I am trying to write a clasifier for CIFAR10 images where the images are also whitened at the loader level. I have a seperate function
def computeZCAMAtrix(dataname):
#compute ZCA whitening matrix, mean and std for the given database
return (torch.from_numpy(ZCAMatrix).float(), mean, std)
which I call before loading my data. The data loader function is of the form
def getData(batch_size,dataname,Z,mean,std):
if(batch_size<=0):
batch_size=256
if(dataname=='CIFAR10'):
root = 'cifar10/'
transform_train = transforms.Compose(
[ transforms.RandomRotation(30),
transforms.RandomHorizontalFlip(),
transforms.RandomCrop(32, padding=4),
transforms.ToTensor(),
transforms.Normalize(mean , std),
transforms.LinearTransformation(Z),
])
#for test set we do not apply the random transformations
transform_test = transforms.Compose(
[ transforms.ToTensor(),
transforms.Normalize(mean , std),
transforms.LinearTransformation(Z)
])
#load the training and test sets
training_set = datasets.CIFAR10(root = root,
transform = transform_train,
train = True,
download = True)
test_set = datasets.CIFAR10(root = root,
transform = transform_test,
train = False,
download = True)
else:
printf('Currently only CIFAR10 is allowed, terminating program')
sys.exit()
training_loader = torch.utils.data.DataLoader(dataset=training_set,
batch_size=batch_size,
shuffle=True)
test_loader = torch.utils.data.DataLoader(dataset=test_set,
batch_size=batch_size,
shuffle=False)
return (training_set,test_set,training_loader,test_loader)

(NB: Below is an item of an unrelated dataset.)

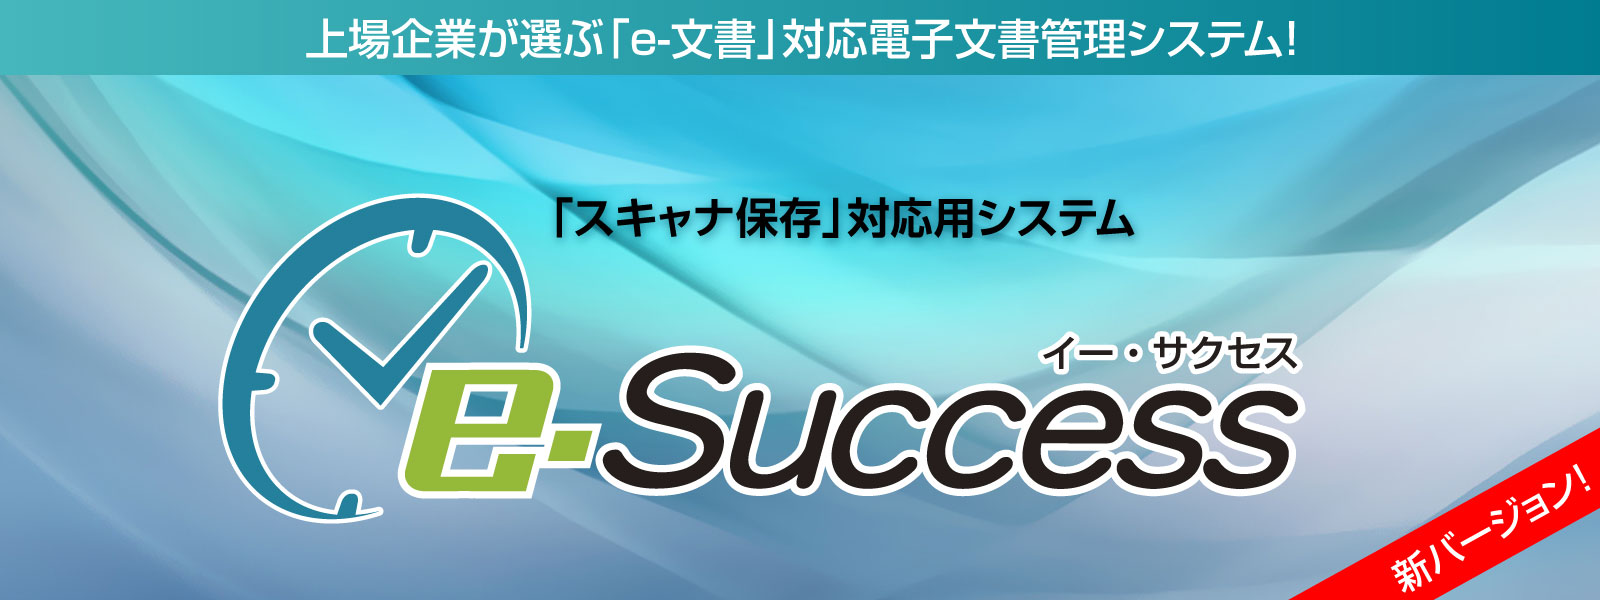 スキャナ保存対応用システム  e-Success

So the training loader applies some random transformations and then does the normalization. For some reason this slows down the code considerably. Is the application of transforms.LinearTransformation really that slow or am I making a mistake. I take the batch size to be 256. I am trying the code on google colab, GPU enabled. Should apply the whitening transormation to the dataset and save it somewhere and the use it? That makes sense and I can just apply the ZCA whitening matrix at the level of np multplication to the train_data and test_data but unfortuntely I do not know how to save transformed datasets.
By the way applyin ZCA whitening worsens the accuracy quite considerably as well. I assume this is because I apply it after the random transormations?